According to authorities, a man who was responsible for an attack that left 20 dead and more injured in February in Yechang, Xinjiang, has been sentenced to death. Reports say that the attack was led by a “terrorist” group. The Associated Press reports:
The man’s name — Abudukeremu Mamuti in Chinese — suggested he was from the mainly Muslim Uighur minority that populates the northwestern region and has long complained of political and religious oppression under Chinese rule.
According to a statement posted on an official Xinjiang judicial website, the defendant started preaching “religious extremism” last year and recruited people to form a “terrorist group”.
Then on February 28, he gathered all members at his home, armed them with knives and hatchets and took them to the market in Yecheng town — which belongs to the wider Kashgar prefecture — the statement said late Monday.

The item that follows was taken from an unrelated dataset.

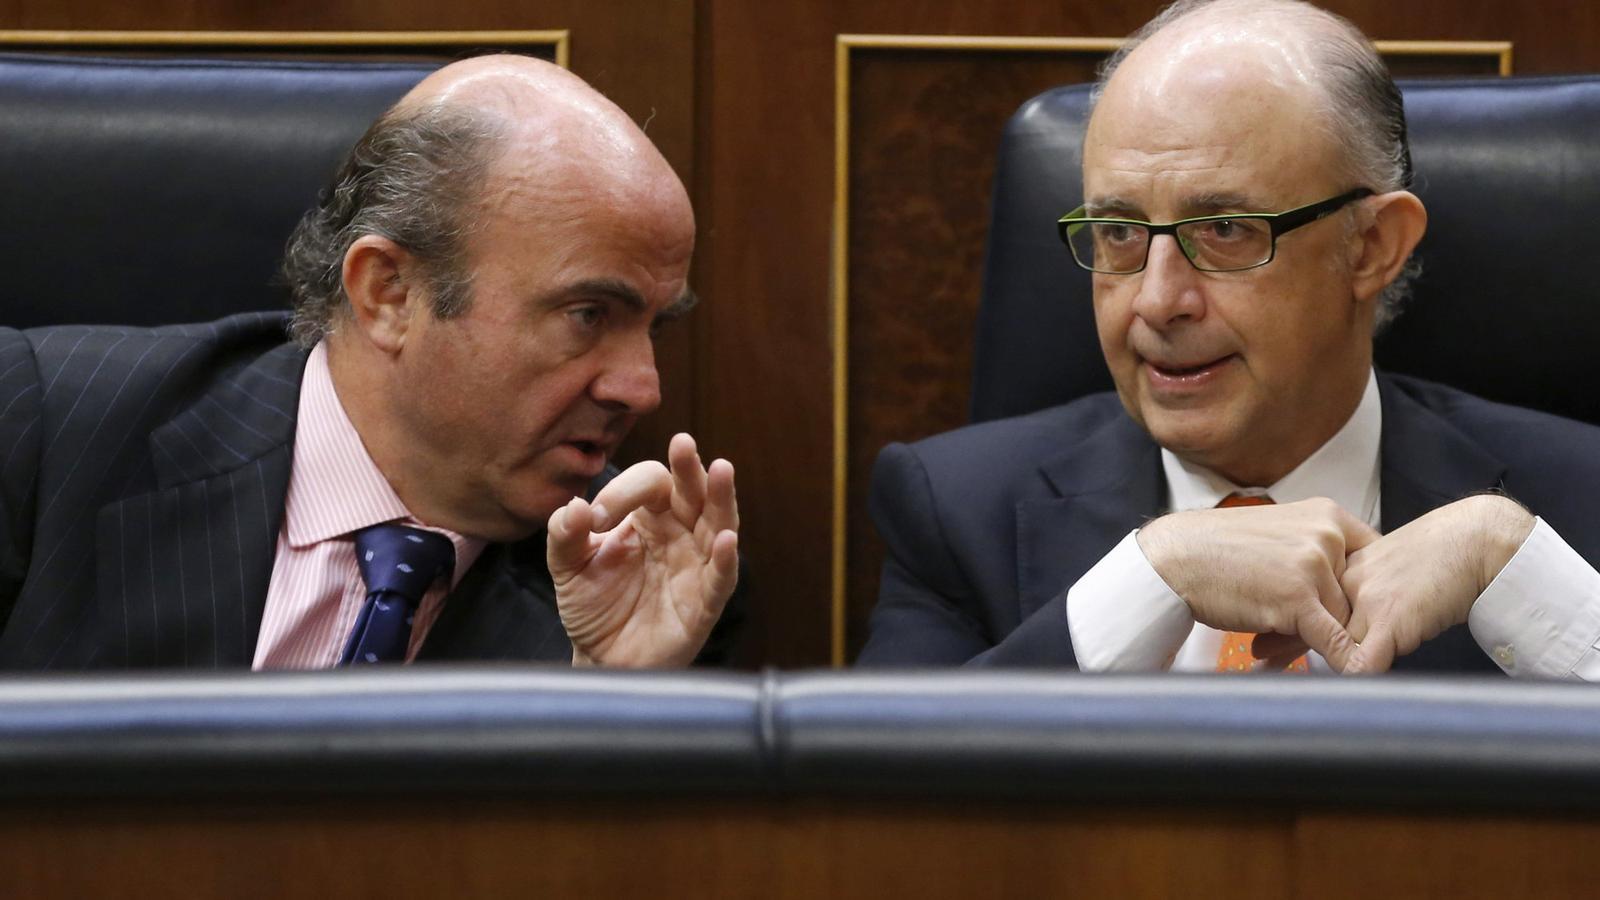 DUET ECONÒMIC   El ministre d'Economia, Luis de Guindos, i el d'Hisenda, Cristóbal Montoro, durant una sessió al Congrés de Diputats.

There, they killed 13 people on the spot and injured 16 others — two of whom later died of their injuries. Mamuti was detained on the scene and seven other attackers were shot dead. One other suspect also later died.

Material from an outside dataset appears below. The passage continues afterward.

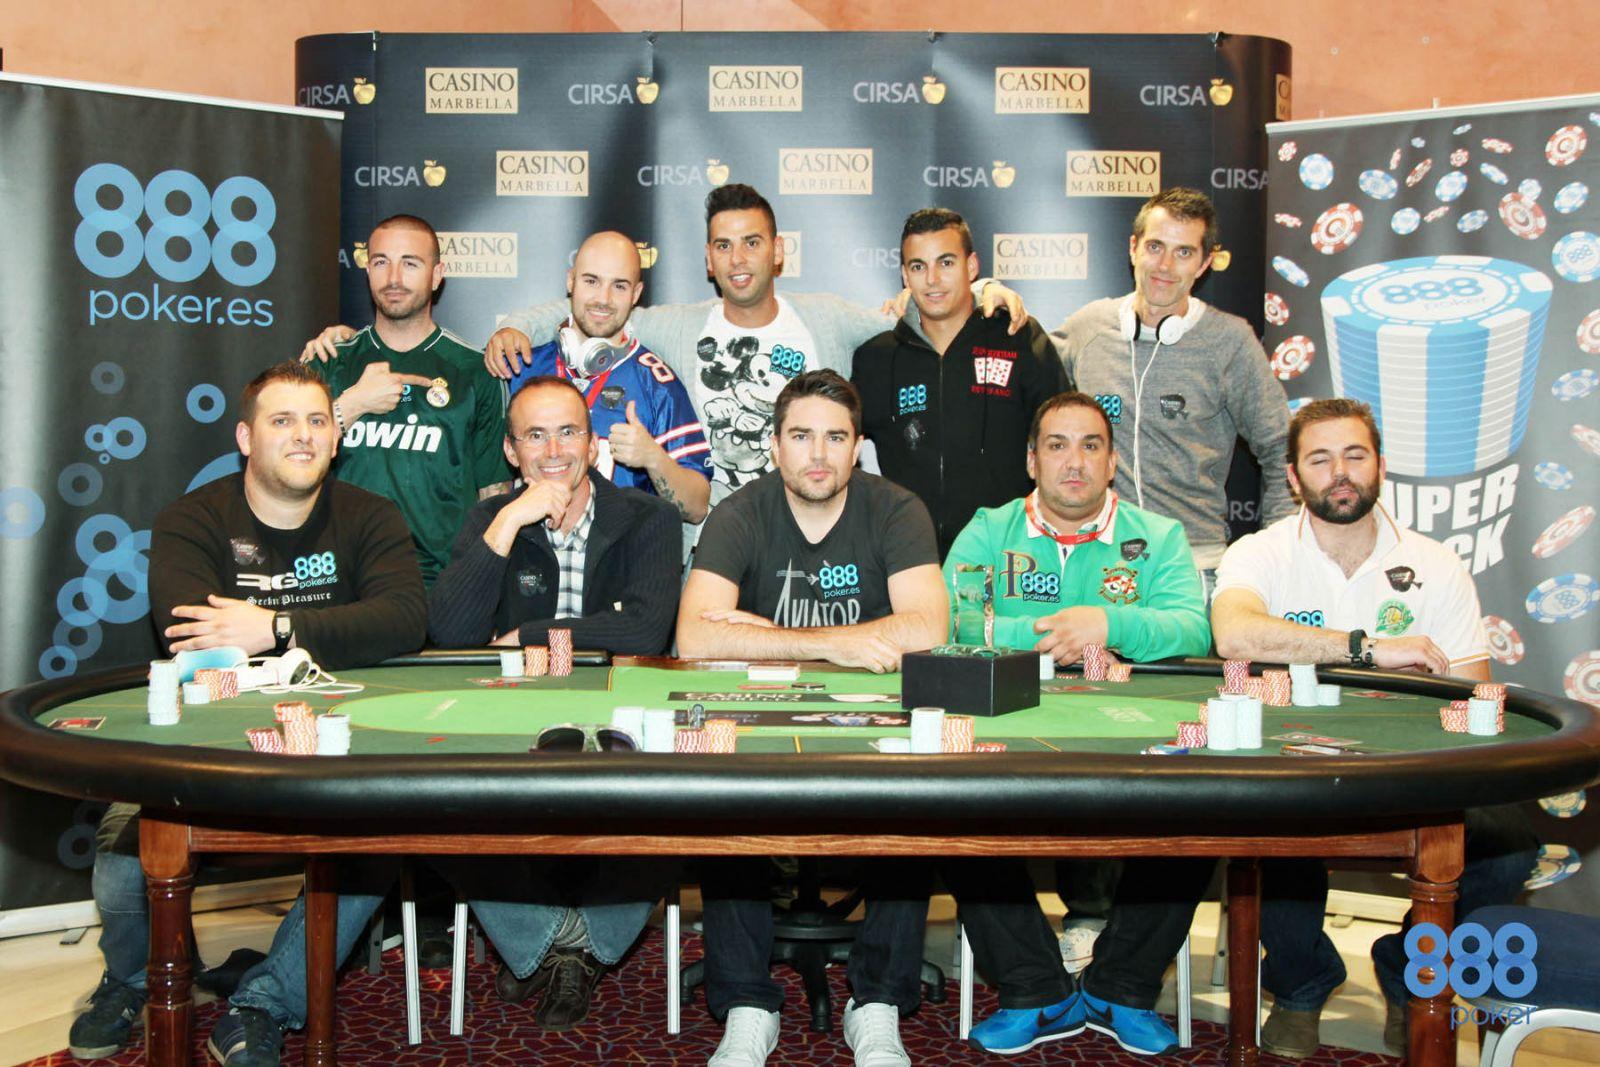 888 poker default noticias del casino enracha 765535

Since 2009, security has been high in the region due to ethnic tensions between Uighur and Han communities. Reuters reports on the location of Xinjiang in a region where China, India and Pakistan all have strategic interests:
China is extremely sensitive to Western suggestions that it mistreats or puts restrictions on Uighurs. Beijing often blames what it calls violent separatist groups in Xinjiang for attacks on police or other government targets, saying they work with al Qaeda or militants in ex-Soviet Central Asia to bring about an independent state called East Turkestan.
Some Chinese officials have also blamed attacks on Muslim militants trained in Pakistan. Yecheng, also known by its Uighur name of Kargilik, is close to the disputed region of Kashmir, ruled in part by India and Pakistan.
But exiled Uighur groups and human rights activists say China overstates the threat posed by militants in Xinjiang.
The Chinese foreign ministry said the Yecheng incident should not be overblown and that it firmly opposes “a small group of violent terrorists and separatists destroying” the region’s peaceful development.
According to the BBC, China is blaming groups that are linked to al-Qaeda for the violence, but exiled Muslim Uighur community and human rights activists claim that this is an overstatement of the threats in Xinjiang.